Circulating lncRNAs were thought to be unstable due to the presence of RNase [27]. Thus, we next sought to analyze the stability of circulating Linc00152. Our results suggested that Linc00152 levels remained stable in plasma, which was consistent with the results in gastric cancer [15]. One possible explanation was that circulating lncRNAs were packaged in exosomes to avoid the decomposition of RNase [25], and another possible explanation was that circulating lncRNAs could be modified in some ways, including methylation, adenylation, and uridylation which make them resistant to RNase digestion [28]. In a word, these results demonstrated that Linc00152 remained stable in plasma and whole blood, which could lay the foundation for evaluating plasma Linc00152 as a biomarker for NSCLC patients.

Then, we further found that plasma Linc00152 levels were remarkably higher in NSCLC patients than in benign lung disease patients and healthy controls. Linc00152 could provide a high diagnostic performance for distinguishing NSCLC patients from benign lung disease and healthy controls. Its AUC and sensitivity were higher than CEA, which is one of the most commonly used lung cancer biomarkers [29]. These results suggested that Linc00152 could serve as a promising biomarker for NSCLC diagnosis. Moreover, the combination of Linc00152 and CEA could provide a more accurate diagnosis than Linc00152 or CEA alone. Henschke et al. reported the patients with early stage lung cancer who underwent resection within one month after diagnosis had a significantly improved 10-year survival rate [30]. Thus, it is important to diagnose NSCLC patients at early stage for improving the survival rate of NSCLC patients. We found that Linc00152 could well distinguish NSCLC patients with early stage (AUC = 0.786, 95% CI: 0.734–0.873) from healthy people, and the combination of Linc00152 and CEA provided a more powerful diagnosis performance, which could substantially benefit to the treatment and prognosis of NSCLC.

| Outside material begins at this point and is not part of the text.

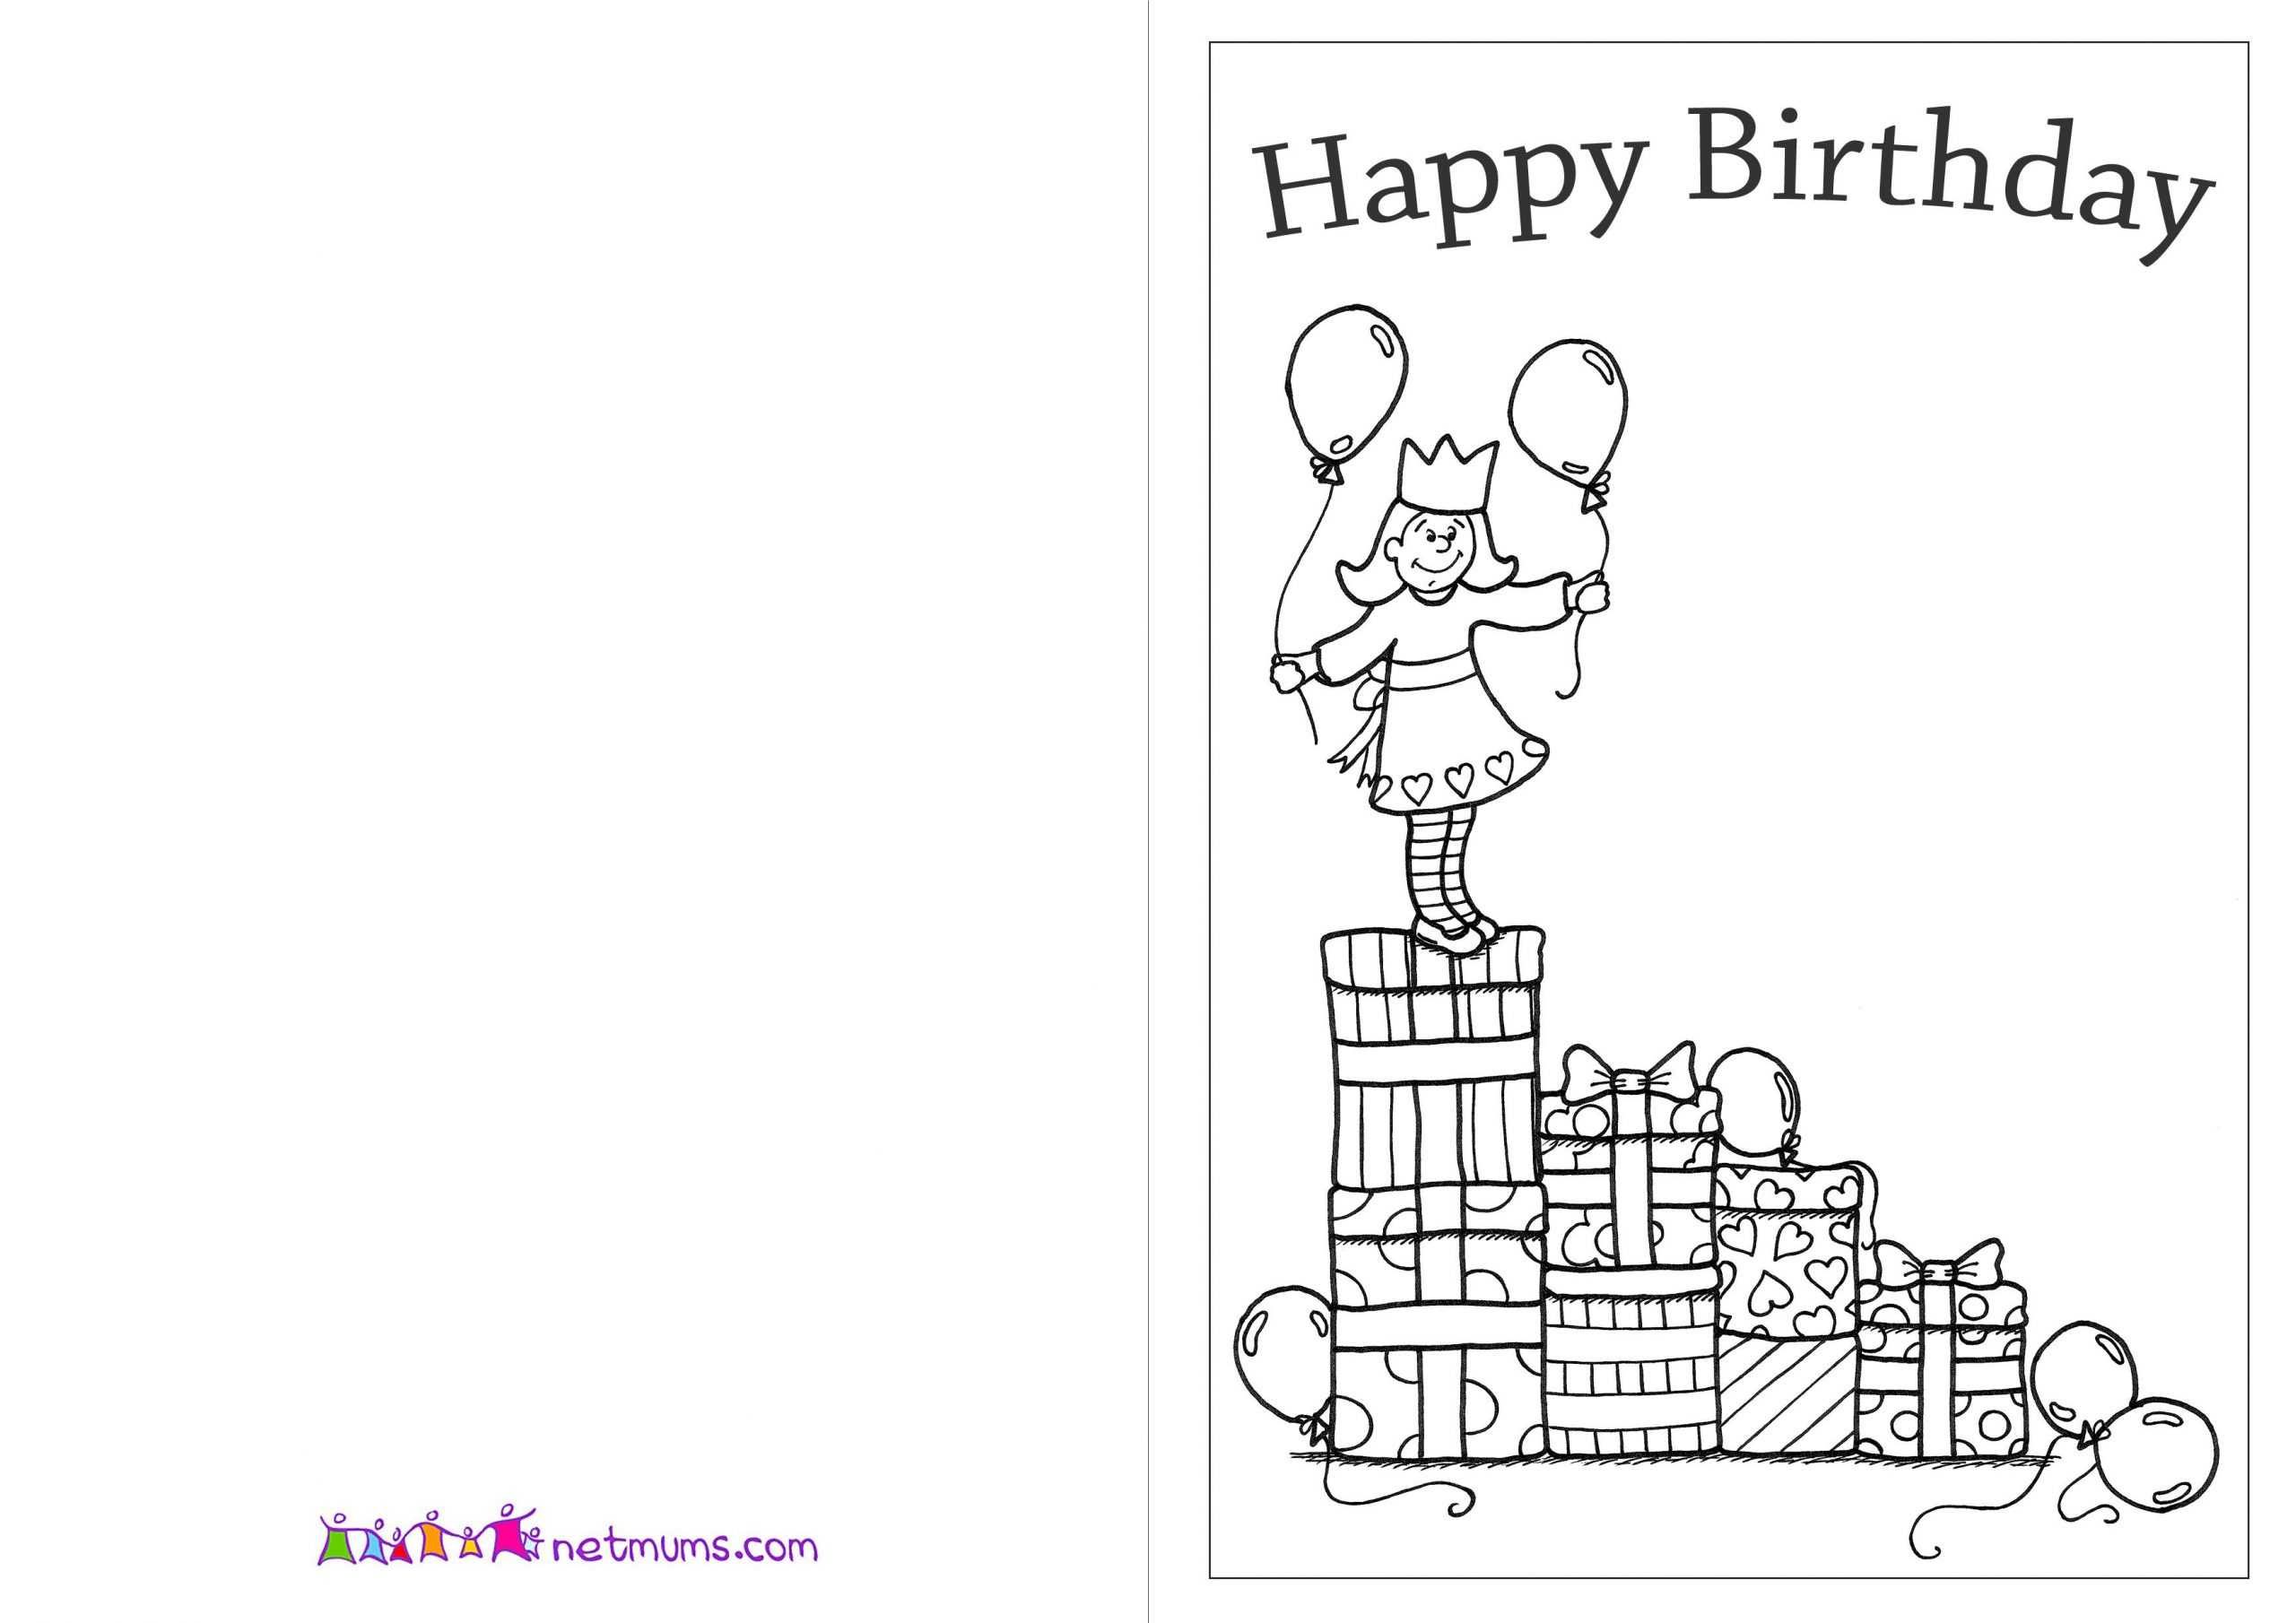 Coloring : Free Printable Coloring Birthday Card For Grandma Pertaining To Mom Birthday Card Template

Finally, we carried out two analyses to validate whether plasma Linc00152 levels could monitor NSCLC dynamics. Firstly, the correlation of Linc00152 levels between plasma and tissue samples was analyzed. Plasma Linc00152 levels had a significant association with tumor tissue. Secondly, Linc00152 levels were analyzed in 47 paired pre- and postoperative plasma samples (after one month) from NSCLC patients. Plasma Linc00152 levels were significantly decreased after operation. However, compared to NSCLC patients without recurrence, plasma Linc00152 levels of patients with recurrence were sharply increased. The possible explanation was that circulating lncRNAs were mainly derived from tumor cells [31], and it would presumably be back to normal after the removal of tumor, while recurrence of tumor will increase the supply to cause its abnormal raising. These results demonstrated that plasma Linc00152 levels could reflect tumor dynamics and monitor the status of NSCLC patients after operation.

In conclusion, this study investigated Linc00152 in NSCLC patients for the first time. We found that Linc00152 expression levels were upregulated in NSCLC tissues and correlated with tumor size. Moreover, we demonstrated that plasma Linc00152 could serve as a promising biomarker for diagnosing and monitoring NSCLC patients.

Conflicts of Interest

The authors have declared that no competing interests exist.

Authors’ Contributions

Nandi Li and Xiao Bo Feng contributed equally to this work.

Acknowledgments

This study was supported by the National Basic Research Program of China (973 Program) (2012CB720600, 2012CB720605) and the NSFC-NIH joint program on biomedical research (81261120403).